Neeson doesn’t have Leslie Nielsen’s impeccable timing, which particularly shows up when his character delivers one of his nonsensical lines. When Drebin asks Cane to see some security footage, Cane asks “Oh. May I ask why?” and Drebin says, “Go right ahead.” The joke is great. The movie then screeches to a halt while Danny Huston screws up his face in confusion, as if they’re waiting for audience to laugh rather than just moving on to the next gag. The joy of the originals was that you often couldn’t catch your breath from one bout of laughter before the next, and you’d have to rewatch to see the jokes you missed from laughing the first time.

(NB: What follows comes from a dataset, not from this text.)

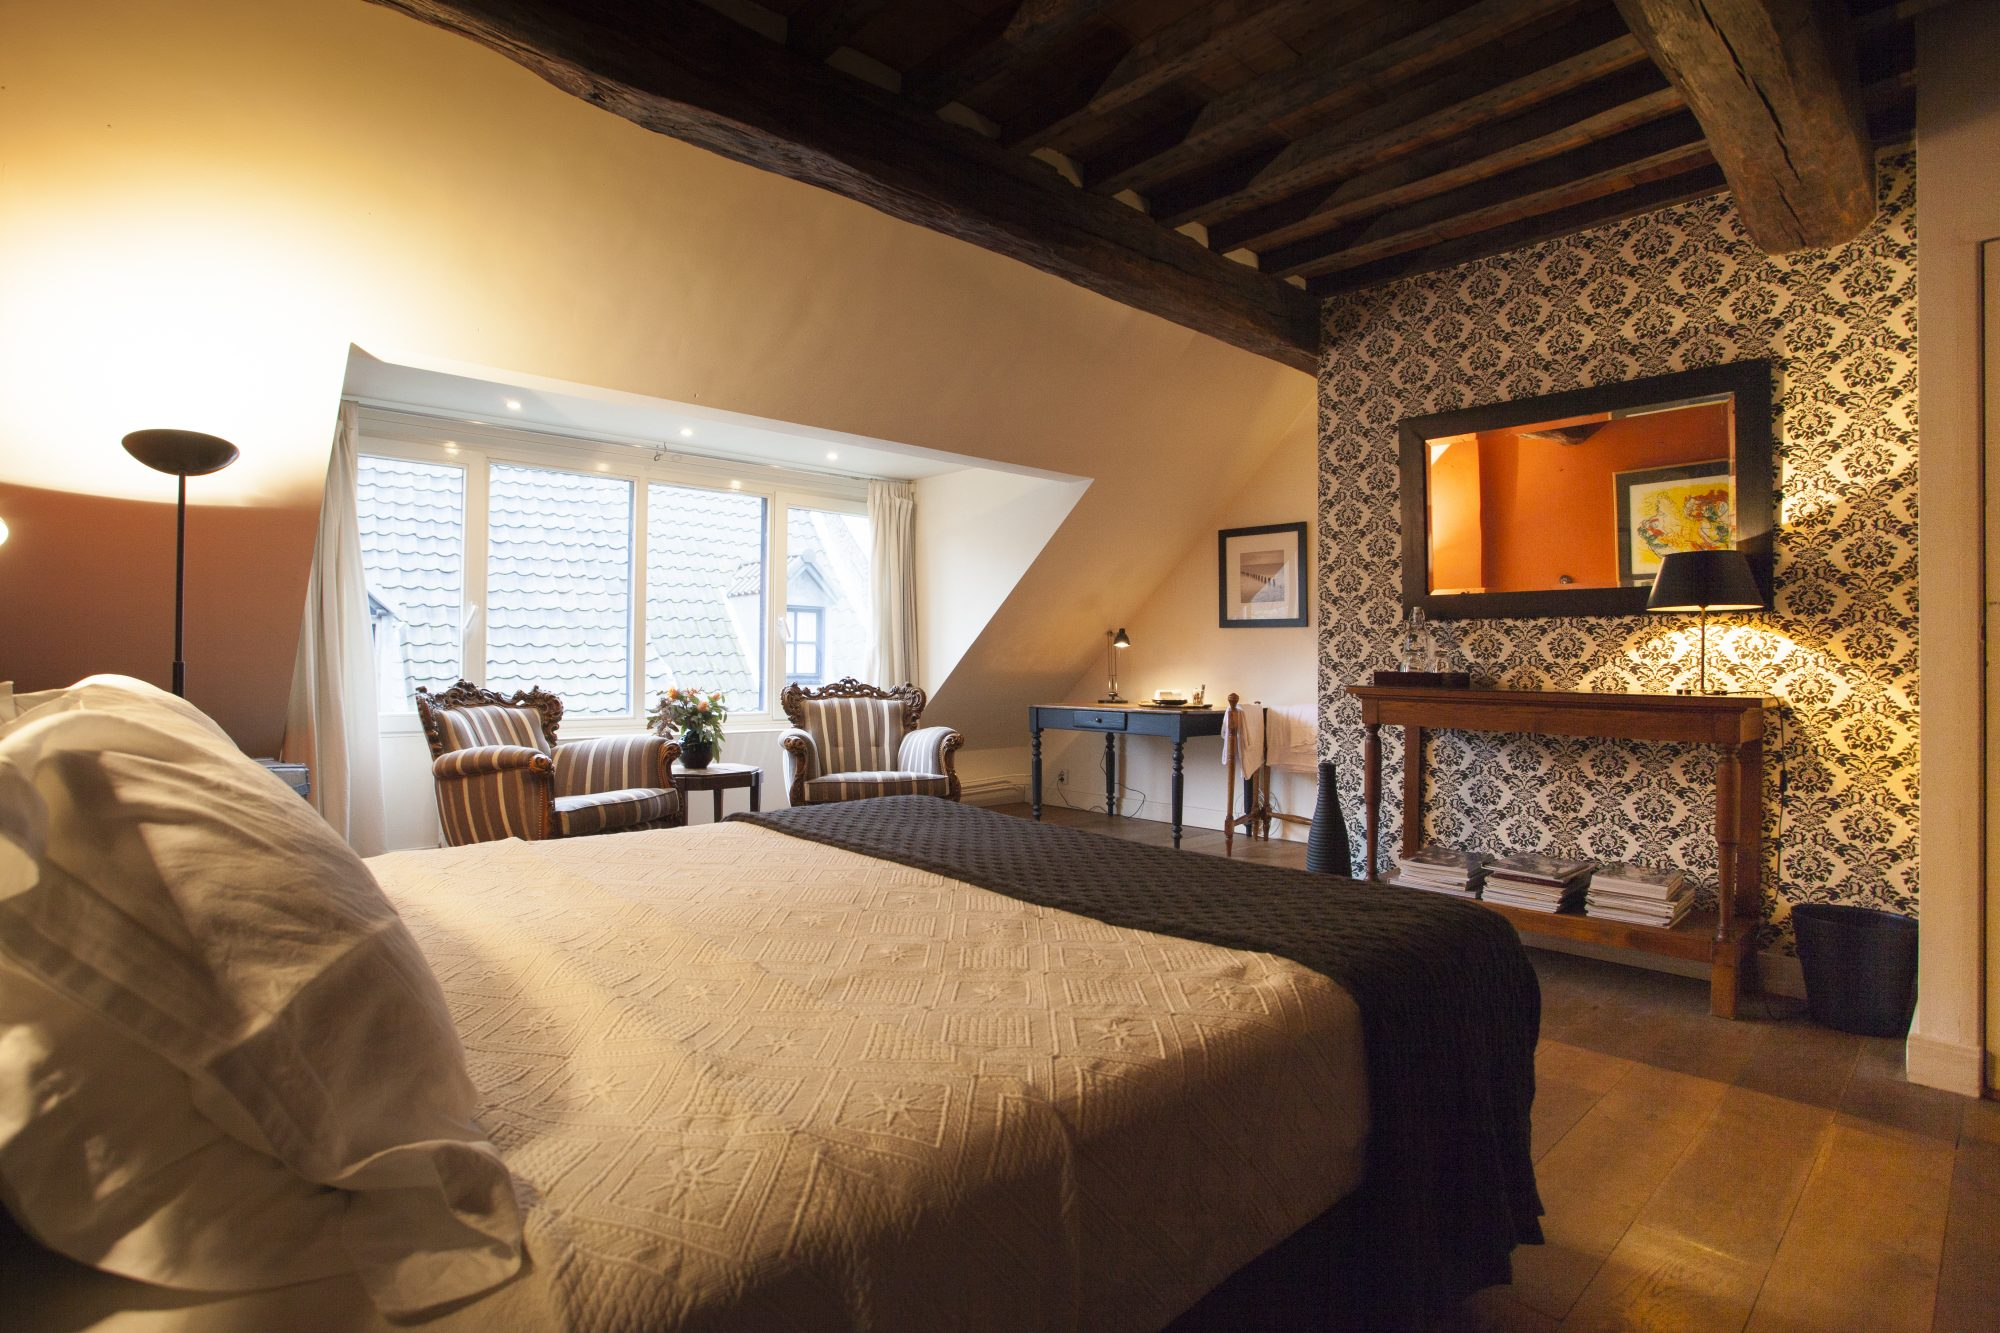 maastricht, bed and breakfast, B&B, hotel, boutiquehotel, bonnefantenmuseum, vrijthof, MECC

There are good jokes in The Naked Gun, from the snowman sequence to the Drebin’s conversation with a bartender to the football joke about Drebin’s late wife (where he was most reminiscent of Nielsen’s portrayal). There are a handful of great one-liners. There’s a very good running gag about coffee cups, something that the originals did well, going back to the same joke enough that a mediocre joke would become funny. There are even some pretty bold attempts at jokes that don’t work – the Bill Cosby one was probably too much – where you can at least respect the effort. They’re just dwarfed by fart jokes, shit jokes, a lengthy description of Drebin’s penis, and lots of lowbrow bits that don’t pay off. Fart jokes are the laziest type of comic writing there is, and in a movie that doesn’t even run to 90 minutes, it feels like padding the essay to get to the teacher’s word count.

It’s possible I am just too biased in favor of the originals and was hoping for something more similar to them in pace and style, but I’ve seen multiple reviews of this film that claim it’s a lot closer to the first Naked Gun film than it actually is. If ZAZ hadn’t set such a high standard, perhaps the new Naked Gun would seem stronger.

Stick to baseball, 9/27/25.

For subscribers to The Athletic, I wrote my annual column with my ballots for the awards I don’t have this year. A record number of people didn’t read the intro this year.

At Endless Mode, I reviewed the two-player game Naishi, which is a solid enough game, but which is yet another example of white European designers & illustrators using Japanese culture and history as a theme, and in this case they really misused it in a way that I couldn’t get past.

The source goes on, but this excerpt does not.